The nvcamera-daemon will output forever this:

Issue bubble captures
NvPclSettingsUpdate: Sending Updated Settings through PCL
NvPclSettingsApply: Applying last settings through PCL
apply:+++++++++++++++++++++++
apply:-----------------------
NvPclSettingsApply: Reading PCL settings

Complete log is attached (used Scroll-lock twice to finally trigger the issue).
nvcamd-20180213-121253.zip (257 KB)

How long can repo it. Does the step 8 must have? What if don’t enable the log by export enableCamPclLogs=1 and export enableCamScfLogs=1?

ShaneCCC - the combination of enabling the logs and using scroll-lock is ensuring that the process is no longer scheduled as running, but blocks on a write() call.

Maybe you can mess with the scheduler either by having a high load on the system or sending some signals - I do not know. The above sequence is the way how I can reproduce the issue.

Clearly - your process is expecting that it has some real-time privileges which it has not. Any trouble causing that it is not able to perform the desired ISP handling tasks in time will result in breaking the camera operation.

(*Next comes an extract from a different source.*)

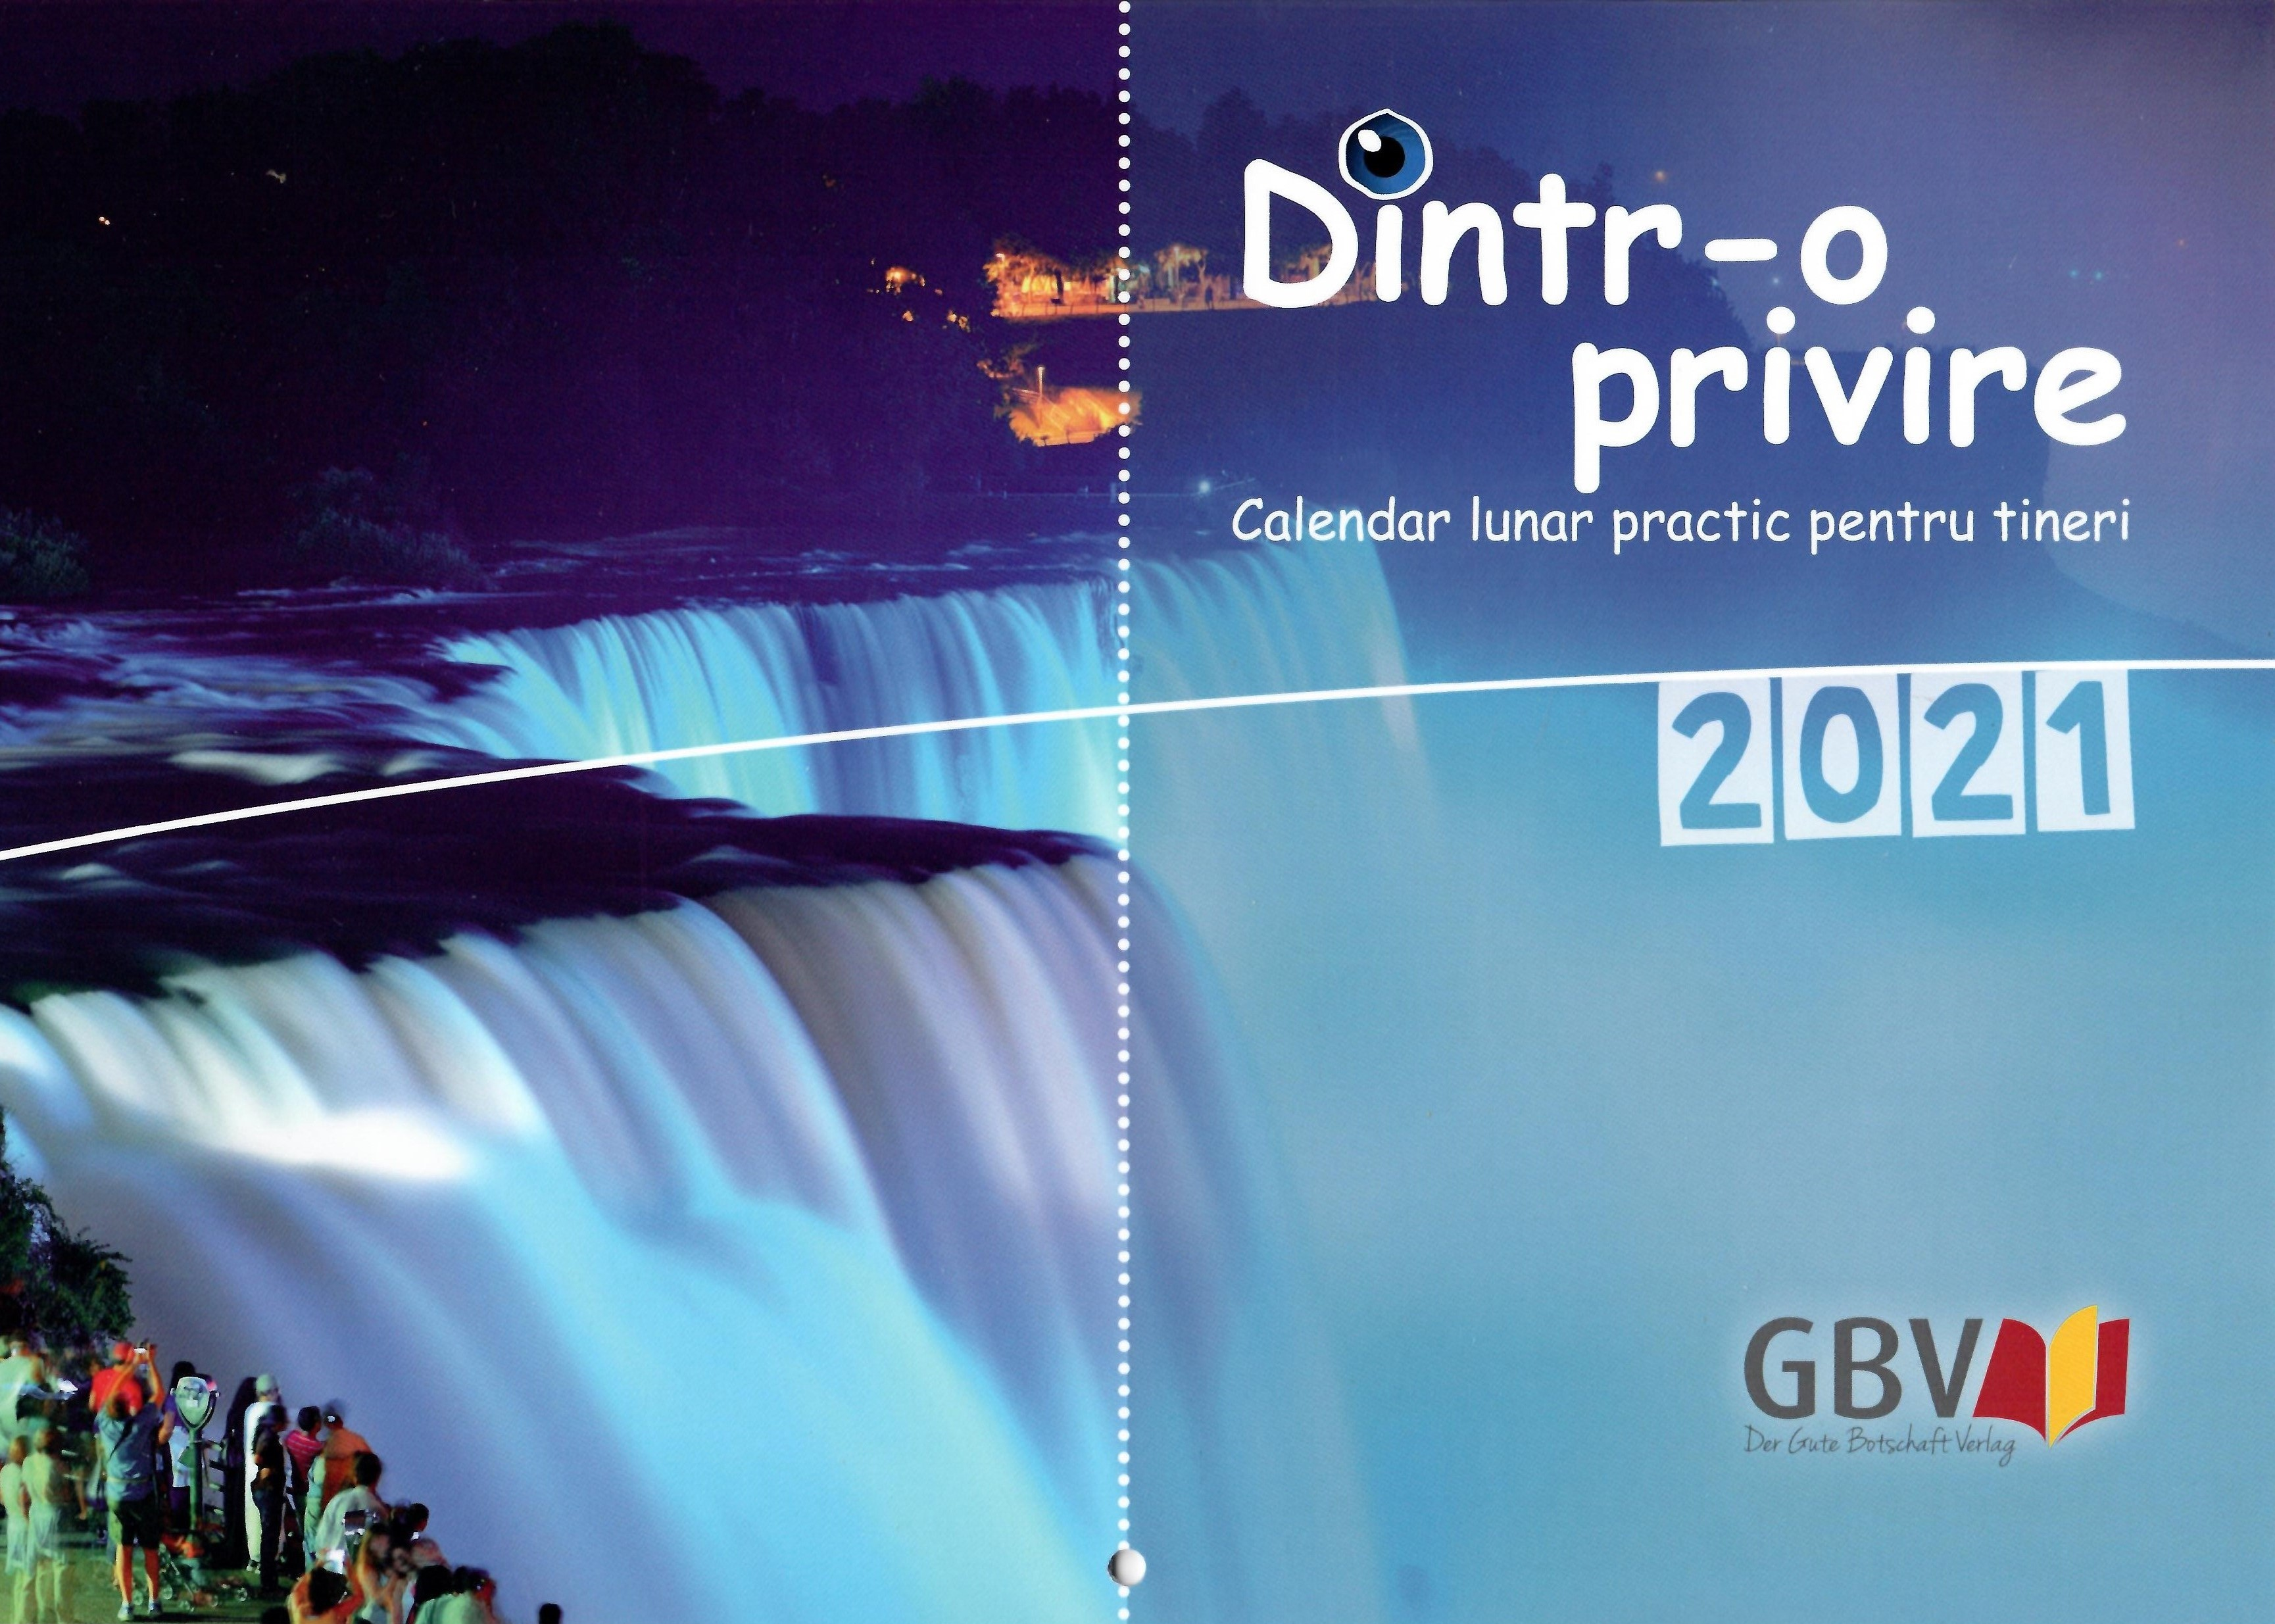 Calendar 2021 Dintr-o privire A4, pentru tineri

Another slightly related issue is when there are signal integrity issues and the MIPI data is corrupt - a missing SOF or EOF will cause weird timeouts in the camera daemon or out of memory messages, bunch of logs in dmesg and halting operation of ALL sensors. The process often crashes, but when not, it is again not able to recover from such state. It is everything but not robust.

Could you confirm this problem can reproduce on reference camera board ov5693 as I didn’t get the issue as your step.

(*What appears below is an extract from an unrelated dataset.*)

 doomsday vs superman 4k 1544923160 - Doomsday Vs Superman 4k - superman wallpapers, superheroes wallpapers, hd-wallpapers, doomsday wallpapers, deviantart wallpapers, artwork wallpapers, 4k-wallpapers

ShaneCCC - yes, the above guide is for an out of box TX1/TX2 with the OV5693 reference camera.

This likely applies to all current uses of SCF - with any sensor (direct MIPI to ISP processing) since you do not yet support images sourced from memory.

Does it easy to reproduce? How much time can it be repo?

Yes, it is easy to reproduce, see the above guide, how to break the functionality.

@danieel
Could you try the argus_camera to clarify.

@ShaneCCC - I have compiled the argus as Leopard Imaging suggests for use with their IMX377 camera. I am getting many lockups and it seems that the imaging subsystem is not able to recover from any error. Otherwise this argus_camera would be a nice demo tool.

The camera’s do randomly crash - when playing with the setting, or when I enable multisession, recording of video does not work, after some settings we get 1 fps and will not get back to 30, after some we get only 20 fps. Sometimes argus_camera GUI goes black and white - nonresponding application. Switching inputs causes errors like:

nvidia@tegra-ubuntu:~$ DISPLAY=:0 argus_camera -d 1

Executing Argus Sample Application (argus_camera)
Argus Version: 0.96.2 (multi-process)
(Argus) Error EndOfFile: Unexpected error in reading socket (in src/rpc/socket/client/ClientSocketManager.cpp, function recvThreadCore(), line 212)
(Argus) Error EndOfFile: Receiving thread terminated with error (in src/rpc/socket/client/ClientSocketManager.cpp, function recvThreadWrapper(), line 315)

And in dmesg appears a lot of seemingly unhelpful data dump (attached).

It seems that this Argus tool uses the same SCF approach as the nvcamera-daemon, only that it is running in the process itself (or in so far unidentified place, did you hide your blackbox in another blackbox??). I am unable to provide any helpful messages in order to debug this other than - IT JUST DOES NOT WORK. The few seconds of a single camera is not enough for us to be able to develop anything on your Tegra platform.

After certain crashes, we are unable to get image in the Argus window - so yes, the bugginess of the platform is double-confirmed now.
argus.dmesg.txt (111 KB)

If the unstable problem only with the IMX377 you may need Leopard’s help.

@ShaneCCC - Leopard is unable to solve your closed source SCF and Argus issues, and as a scaling partner of nVidia they turned out totally useless and incompetent for this task.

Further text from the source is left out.